Wahlberechtigung bei Umzug, Zuzug und Wegzug

Sie sind hier zugezogen oder innerhalb der Stadt Vreden umgezogen, Ihre Nebenwohnung ist zur Hauptwohnung
geworden oder umgekehrt. Dann beachten Sie für die Ausübung Ihres Wahlrechts bitte folgende Hinweise:


1. Wenn Sie als Deutscher aus einer anderen Gemeinde/Stadt innerhalb Deutschlands zugezogen sind und sich
erst nach dem 14. April 2019 bei der hiesigen Meldebehörde anmelden, sind Sie im Wählerverzeichnis Ihrer
Fortzugsgemeinde/-stadt eingetragen. Sie bleiben dort auch eingetragen, so dass Sie am Wahltag in Ihrem
früheren Wahllokal wählen können; Sie können sich allerdings von Ihrem früheren Wahlamt auch Briefwahlunterlagen
ausstellen lassen.
Wollen Sie dagegen schon in Vreden wählen, müssen Sie spätestens bis zum 5. Mai 2019
zusätzlich zu Ihrer Anmeldung bei der Meldebehörde schriftlich Ihre Eintragung in das hiesige Wählerverzeichnis
beantragen;
Sie werden dann aus dem Wählerverzeichnis Ihrer Fortzugsgemeinde/-stadt gestrichen.

1.1 Die unter Nr. 1 dargestellte Regelung gilt auch für den Fall, dass Sie Ihre in Vreden liegende
Nebenwohnung nach dem 14. April 2019 als Hauptwohnung anmelden! Wenn Sie hier wählen wollen,
beantragen Sie bis zum 5. Mai 2019 Ihre Eintragung in das hiesige Wählerverzeichnis.

1.2 Wenn Sie innerhalb Vredens umgezogen sind und sich nach dem 14. April 2019 ummelden,
bleiben Sie in jedem Fall in Ihrem alten Wählerverzeichnis eingetragen; eine Eintragung in das neue
Wählerverzeichnis auch auf Antrag ist nicht möglich. Falls Sie am Wahltag nicht in Ihrem früheren Wahllokal
wählen können, beantragen Sie bitte rechtzeitig Briefwahlunterlagen.
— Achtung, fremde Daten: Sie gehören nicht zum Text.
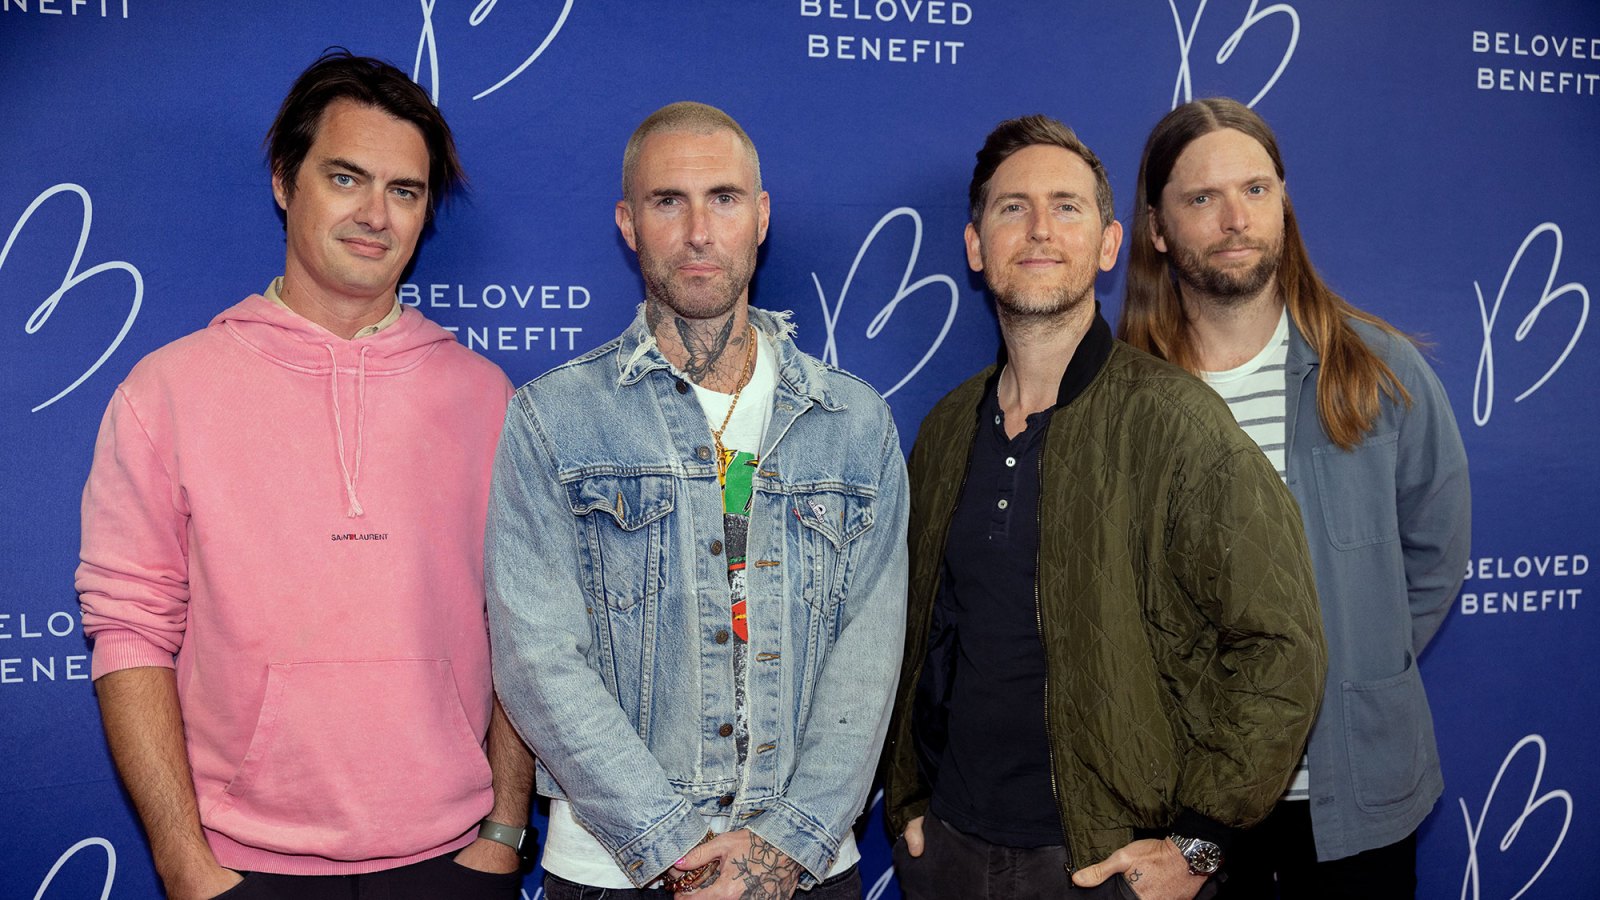 Adam Levine Schedules Las Vegas Residency With Maroon 5 Amid Cheating Scandal

1.3 Falls Sie bisher keine Wohnung in Deutschland hatten und auch nicht vom Ausland her die Eintragung in ein
Wählerverzeichnis beantragt haben, können Sie – wie bei einem Umzug im Inland – bis zum 5. Mai 2019
zusätzlich zu Ihrer Anmeldung bei der Meldebehörde schriftlich Ihre Eintragung in das hiesige Wählerverzeichnis
beantragen. Bitte wenden Sie sich an das Wahlamt, um Ihre Wahlberechtigung zu klären und den erforderlichen
Eintragungsantrag zu stellen.

2. Wenn Sie als nichtdeutscher Unionsbürger innerhalb Deutschlands umgezogen sind und schon an Ihrem
bisherigen Wohnort in das dortige Wählerverzeichnis eingetragen sind oder einen entsprechenden Antrag
gestellt haben, gelten für Sie die gleichen Bestimmungen wie für deutsche Wahlberechtigte (vgl. Nr. 1).
Falls Sie direkt aus einem der übrigen Mitgliedstaaten der Europäischen Union zugezogen sind, können Sie auf
Antrag in das Wählerverzeichnis Ihrer Zuzugsgemeinde/-stadt eingetragen werden; der Antrag muss bis
spätestens 5. Mai 2019 bei der zuständigen Gemeinde/Stadt eingegangen sein.